Chovem as metáforas, e de repente vejo uma mulher com barriga avantajada, entrando calmamente, olhando de soslaio para o ambiente capitaneado por um punhado de homens da pena, em redor de um tampo,  falando em liberdade, sem se importarem com o nível dos decibeis. Está sozinha, e eu pergunto-me, depois de olhar para o relógio, o que é que esta mulher grávida, ainda por cima sem companhia, quer aqui à esta hora! Porém, antes de obter a resposta, esbatida nas lucubrações, fiquei assustado quando vi o garçon servindo-lhe dois cálices de John Walker de rótulo preto, num copo sem gelo.

 

Está sentada, recatada num dos cantos do espaço que nos acolhe, numa noite que daqui a pouco vai dar lugar à madrugada.
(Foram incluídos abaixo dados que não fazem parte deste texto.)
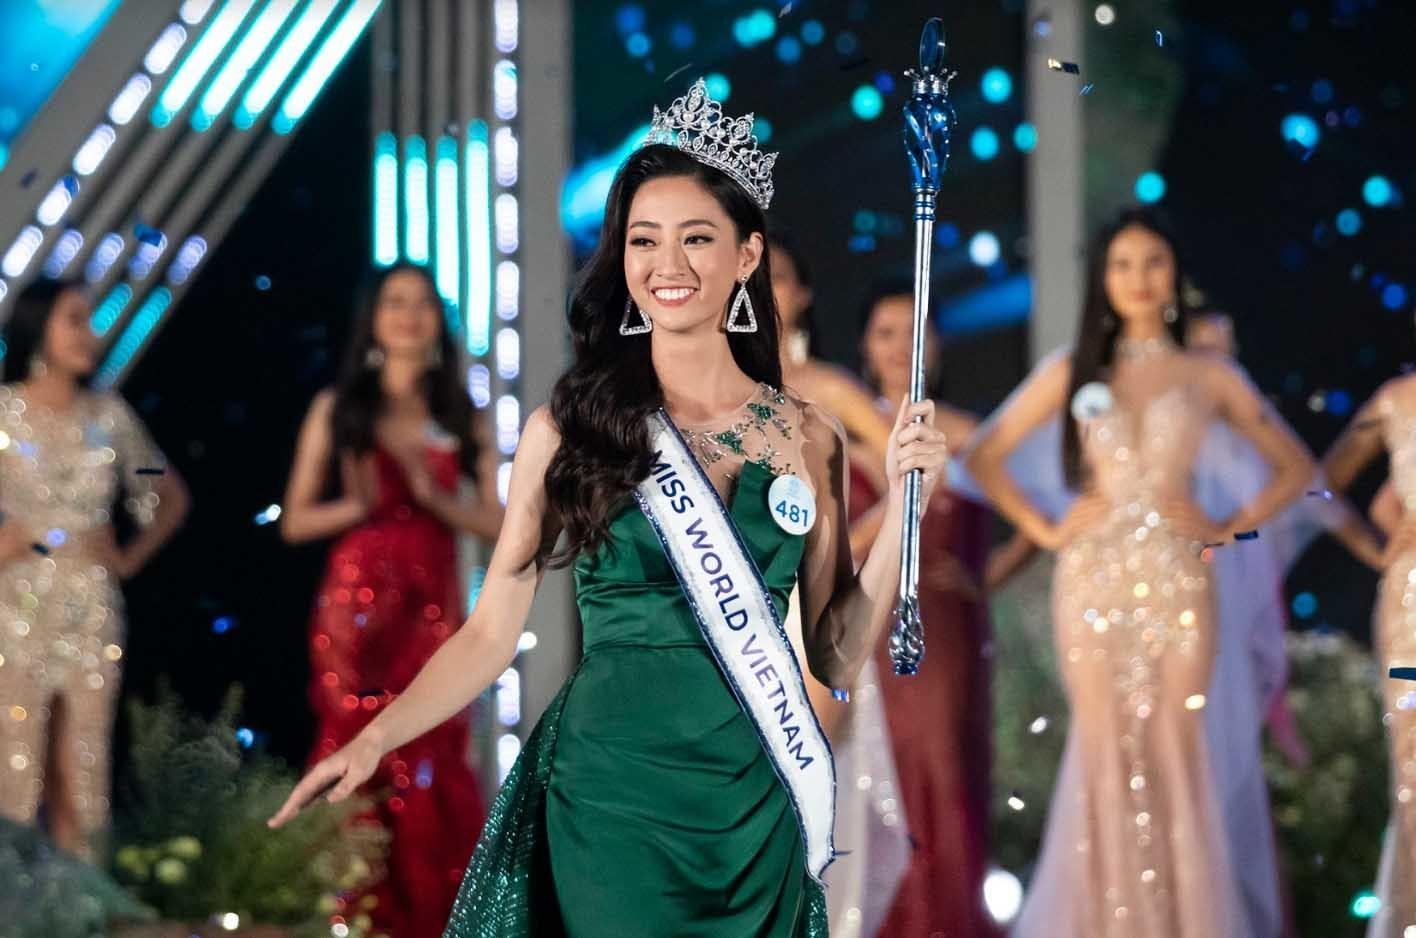 Hoa hậu Lương Thùy Linh,Hoa hậu Thế Giới Việt Nam năm 2019,nữ sinh Trường ĐH Ngoại thương

Parece uma fêmea determinada. Pronta para todas as intempéries no meio dos machos, incluindo a predisposição de se defender das calúnias. Pega no copo, sem gelo, e despeja goela abaixo, de uma vez, todo o conteúdo, e logo a seguir  faz sinal com o dedo indicador para que o servente repita a dose. É incrível!

 

Levanto-me e vou a casa de banho, passando por entre algumas mesas cujos ocupantes não falam, ou seja, eles limitam-se a escutar a conversa animada que vem do grupo onde as palavras saem em catadupa, anunciando a qualidade dos seus oradores. Aquilo é uma tecelagem, que se pode confundir com a esquizofrenia em si, com a diferença de que os esquizofrénicos não são as pessoas, mas os personagens que essas pessoas encarnam.

 

Estou na casa de banho, e enquanto me disponho diante do mictório, libertando com prazer o ácido úrico por demais contaminado pelo álcool, penso na mulher grávida que está ali, bebendo John Walker com rótulo preto, em dozes galopantes. Mas isto não é subreal porque eu estou lúcido. Aliás, se estiver alucinado, então essa alucinação começou com a entrada em cena desta barriguda.

 

No meu retorno, reparo que ela já não depende do “garçon”. Tem a garrafa inteira de John Walker por sobre a mesa, servindo-se pessoalmente, e um dado novo é que está a fumar. Bolas! Cheguei perto dela, levado pelo vaipe do vinho que venho bebendo desde as primeiras horas da noite. E em pouco tempo já conversavamos como se fossemos velhos conhecidos.

 

- Dessa barriga vai sair uma menina

 

Ela sorriu. Pegou no copo e entornou o whisky na boca de lindos lábios, e disse assim, quem me dera!

 

- Vai se chamar Dandara

 

Revolveu a carteira e de lá tirou uma pequena agenda e disse assim, escreve aqui esse nome tão lindo.

 

O tempo deixou de contar. O que conta é que estamos aqui, por conta das emoções.

 

- O que é que significa dandara?

 

- Dandara é harpa, em xitswa, língua do meu pai.

 

- Que lindo!

 

No último sábado, vinte anos depois, recebo no meu celula uma chamada proveniente da Bélgica, e do outro lado oiço uma voz com sotaque francês a dizer assim, daqui fala Dandara, lembra-se de mim?

 

- Desculpa, a minha memória está a vacilar.

 

- Tem razão, quando o senhor me conheceu, eu ainda estava na barriga da minha mãe, na Associação dos Escritores Moçambicanos.